Let $\alpha:A\to B$ be a ring homomorphism, $Q\subset B$ a prime ideal, $P=\alpha^{-1}(Q)\subset A$ a prime ideal. Consider the natural map $\alpha_Q:A_P\to B_Q$ defined by $\alpha_Q(a/b)=\alpha(a)/\alpha(b)$. Suppose that $\alpha$ is injective. Then is $\alpha_Q$ always injective?
I think so, but I'm clearly being too dense to prove it! My argument goes as follows.
Let $\alpha(a)/\alpha(b)=0$. Then $\exists c \in B\setminus Q$ s.t. $c\alpha(a)=0$. If $B$ is a domain we are done.
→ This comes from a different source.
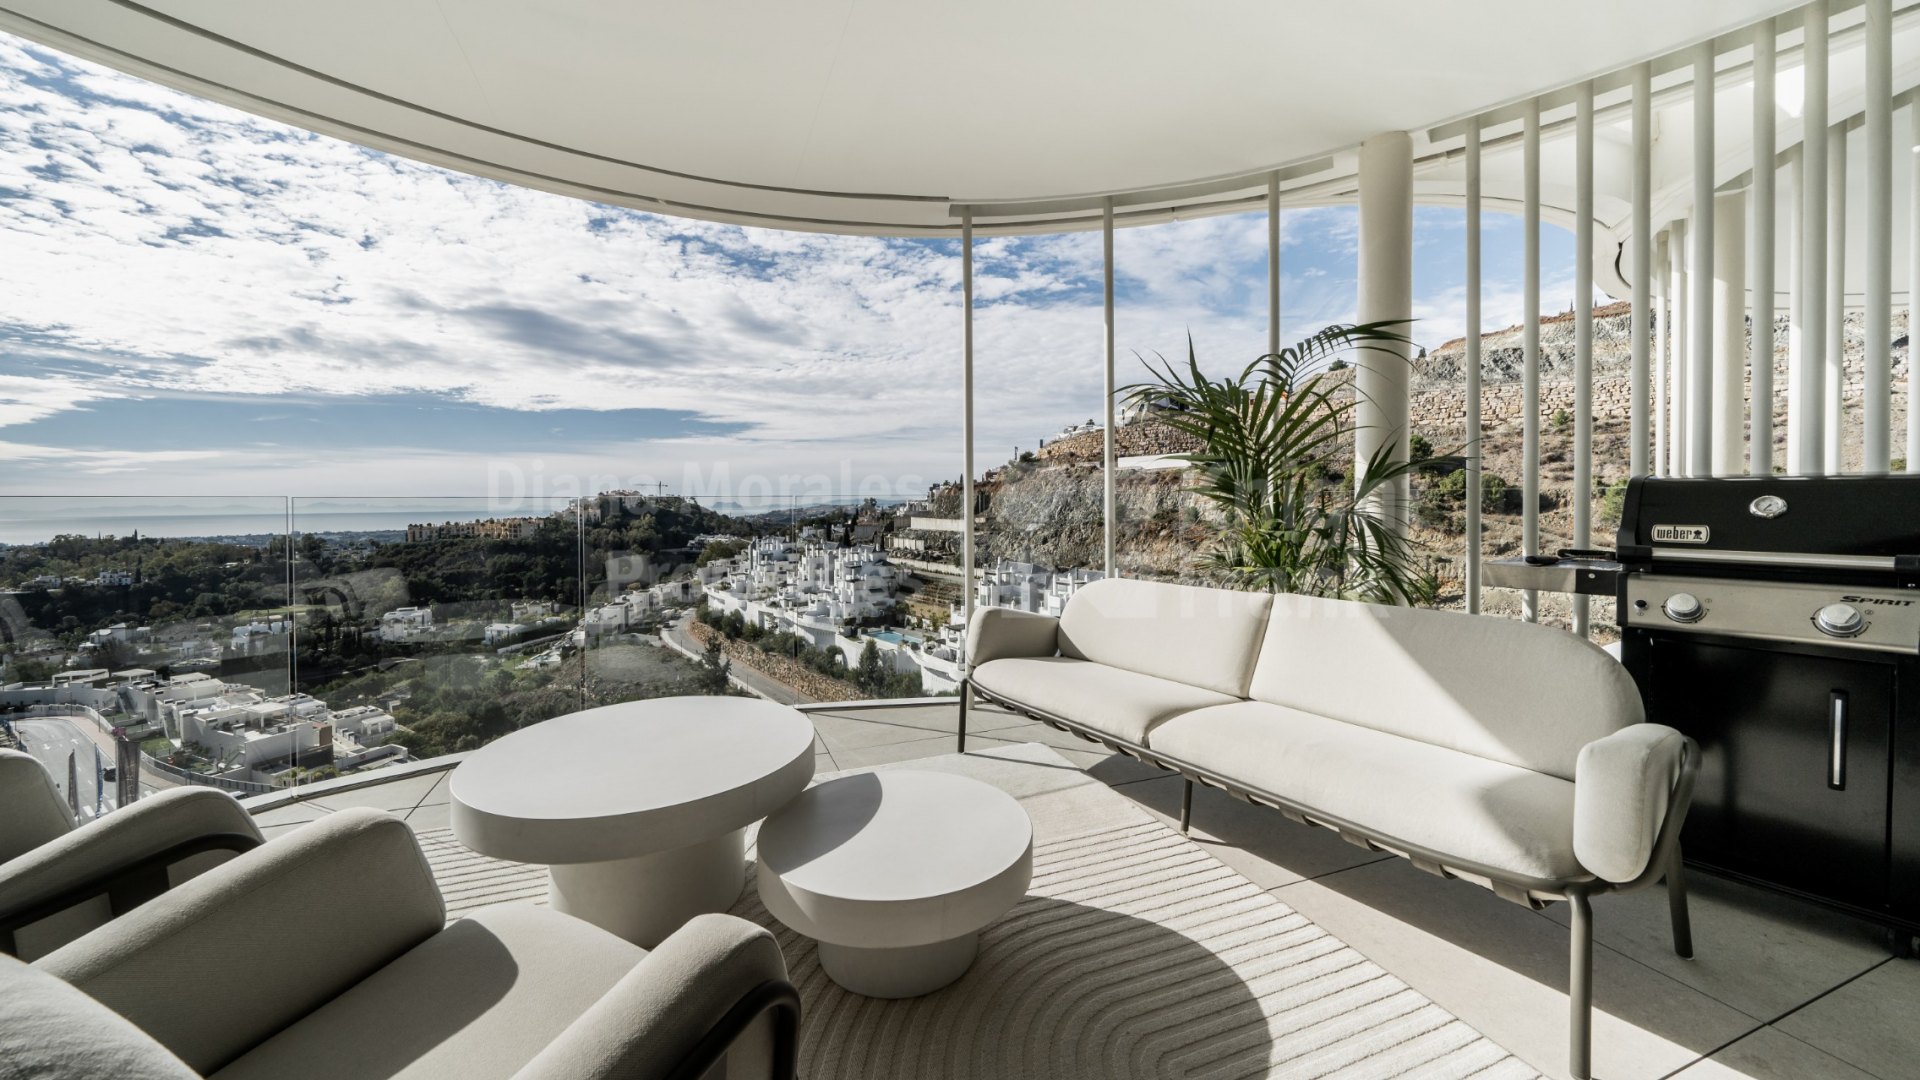 The View Marbella, Moderno apartamento en comunidad cerrada y vistas panorámicas

If not we must exhibit some $d\in A\setminus P$ s.t. $da=0$. Obviously this is true if $c =\alpha(d)$. But I don't see how I have any information to prove this!
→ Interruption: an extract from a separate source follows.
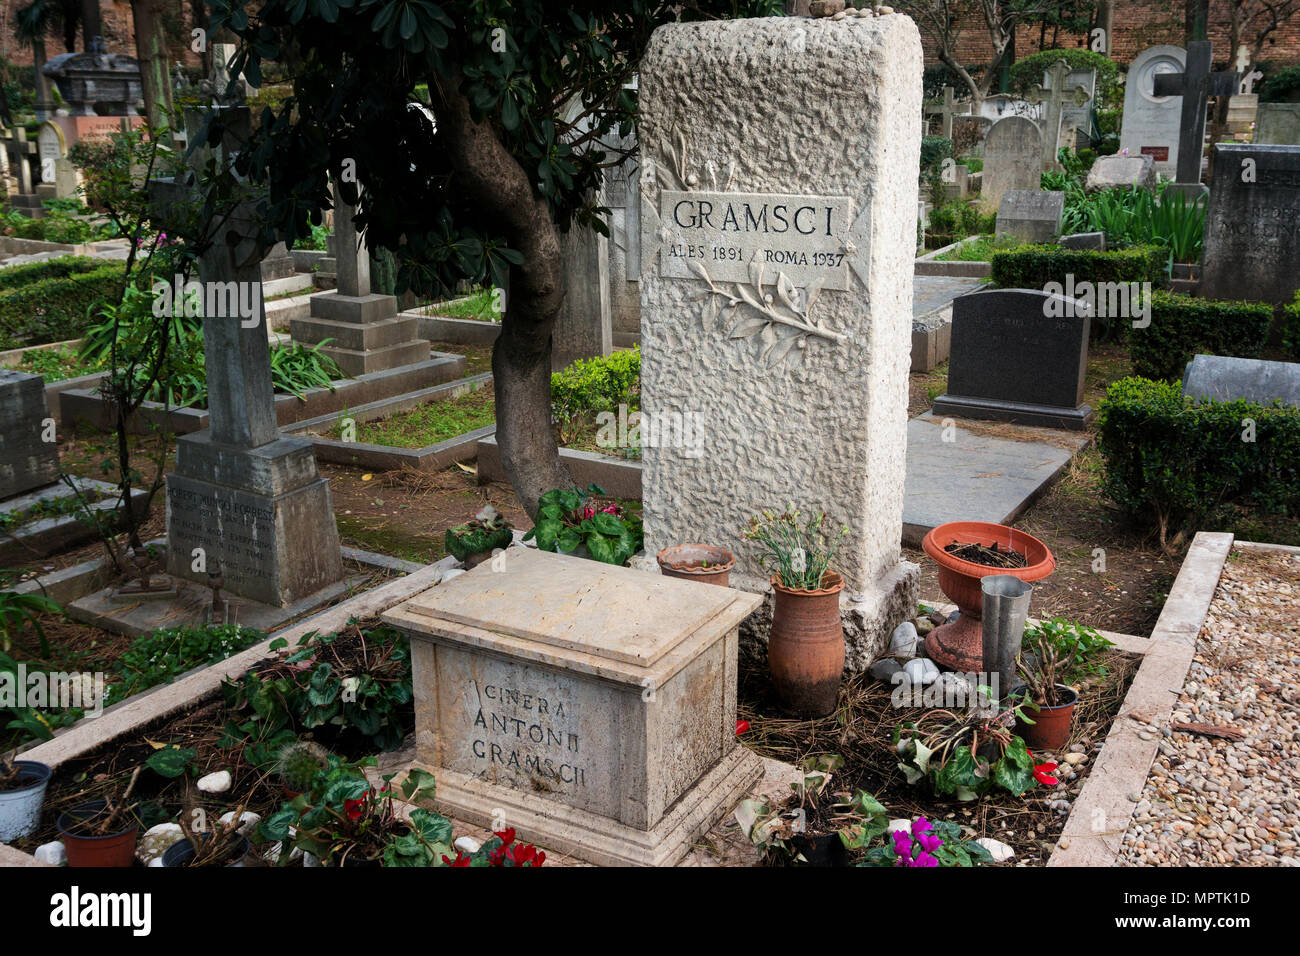 La tumba de Antonio Gramsci - Roma Foto de stock

Am I wrong and this is actually false? If so could someone show me the trivial counterexample I must be missing?
Many thanks!
Take $A=K[X]$, $B=K[X,Y]/(XY)$ and $\alpha$ the following application $$A=K[X]\subset K[X,Y]\rightarrow K[X,Y]/(XY)=B.$$ Obviously $\alpha$ is injective. Write $B=K[x,y]$ with $xy=0$. Let $Q=xB$. It is obvious that $Q$ is prime ($B/Q\cong K[Y]$) and $P=\alpha^{-1}(Q)=XA$. Now choose $\frac{X}{1}\in A_P$ and observe that $\alpha(\frac{X}{1})=\frac{x}{1}$. But $\frac{x}{1}=\frac{0}{1}$ in $B_Q$ because $yx=0$ and $y\in B-Q$.